I am very keen to trace the source of your numbers, because I would like to know if I could have known them in 2008.

many thanks,

Richard

Hi @RichardBuggs. My main concern is something I already asked about, albeit somewhat tersely. As I recall, the main discrepancy between your current estimates of identity and the numbers in the chimp genome paper is the roughly 5% of the genome that looked like structural variation. I assume these are human regions that align best to a location in the chimpanzee genome whose best alignment is somewhere in the human genome other than the starting point.

Something like 5% to 10% of the human genome is known to show copy number variation; these regions are notoriously difficult to call correctly in individual genomes and are a known source of incorrect variant calling (e.g. this paper). Build 38 of the human reference genome contains substantial regions with alternate assemblies to describe some of this variation (I think amounting to 2% of the genome, but I could be mistaken). How did the alignment procedure you are using handle these regions? More broadly, to set an upper limit on the identity of the two genomes, you have to either allow for errors in assigning the correct location of reads from variable regions, or show that the error is negligible. Given the state of the genome assemblies and the alignment procedure used, what is your estimate of this error rate, and how did you make that estimate?

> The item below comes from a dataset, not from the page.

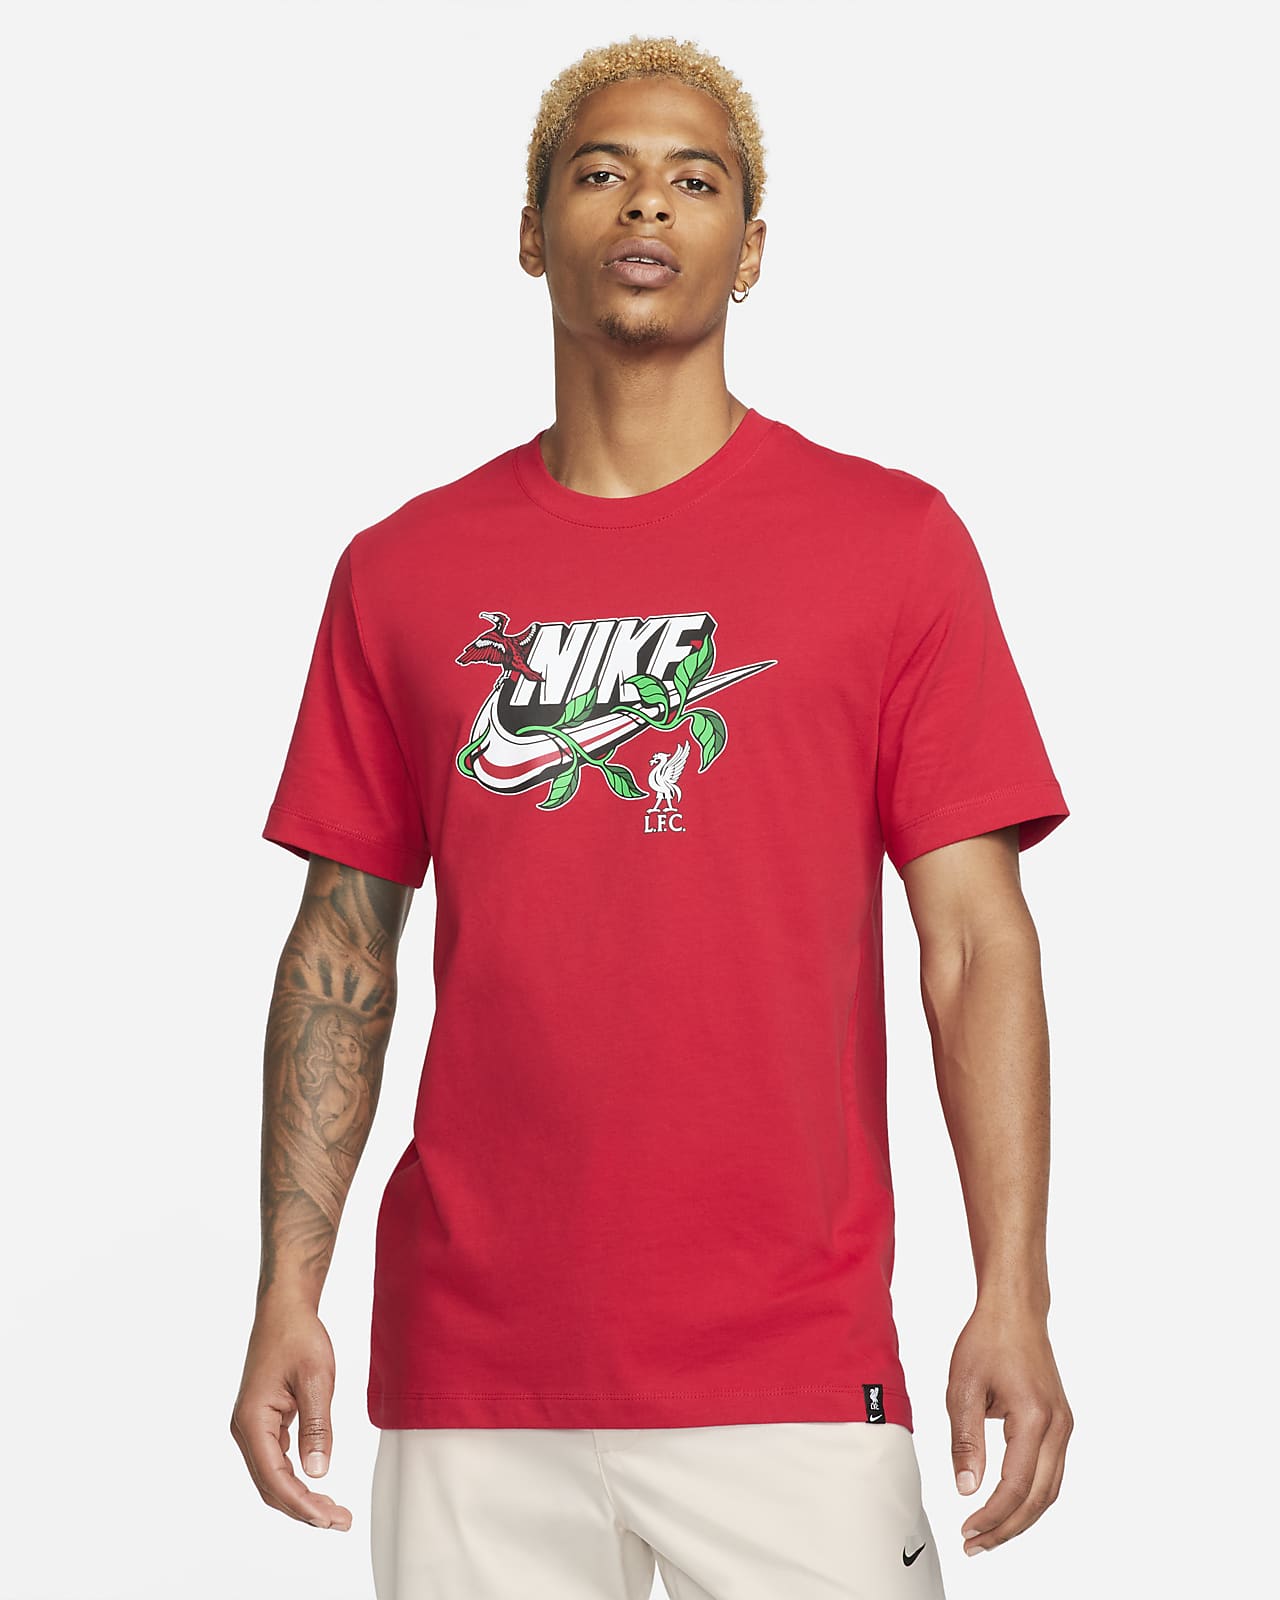 Liverpool FC Men's Nike T-Shirt.

My numbers come from the same supplemental note. The 87% comes from this: “The 37,931 chimpanzee scaffolds comprise 2.73 Gb of sequence and span 3.109 Gb of the genome. Of these, a total of 33,180 (2.70 Gb of sequence spanning 3.077 Gb) scaffolds had significant alignments to the human genome.” That is the summary statement of the amount of chimpanzee sequence that aligned to the human reference. The 10% of the assembly that they thought was wrong was the fraction removed in the steps described in the following paragraphs, which lead to this summary statement: “The total anchored sequence after these steps dropped to 2.74 Gb (2.41 Gb of actual contig length), or 88% of the total chimpanzee sequence.” Some of that .3 Gb that was removed in these steps may represent genuine structural differences between the genomes, but they thought it was bad assembly, and they were likely right for the bulk of it.

I honestly don’t know what the 94% figure means exactly. My guess is that it expresses the fraction of the genome that was covered by aligned contigs, but it clearly doesn’t represent the total number of bases actually aligned, since that number is given above. Note that elsewhere in that supplemental note, the “base coverage” (not “coverage”) of coding regions on chromosome 21, which they used to check their assembly and alignment, is given as 89%: “The WGS chromosome 21 sequence yielded a mean base coverage of the human coding regions of 89.3%.” Since coding regions are likely to be better covered than elsewhere in the genome, the total base coverage is likely to be lower than this estimate.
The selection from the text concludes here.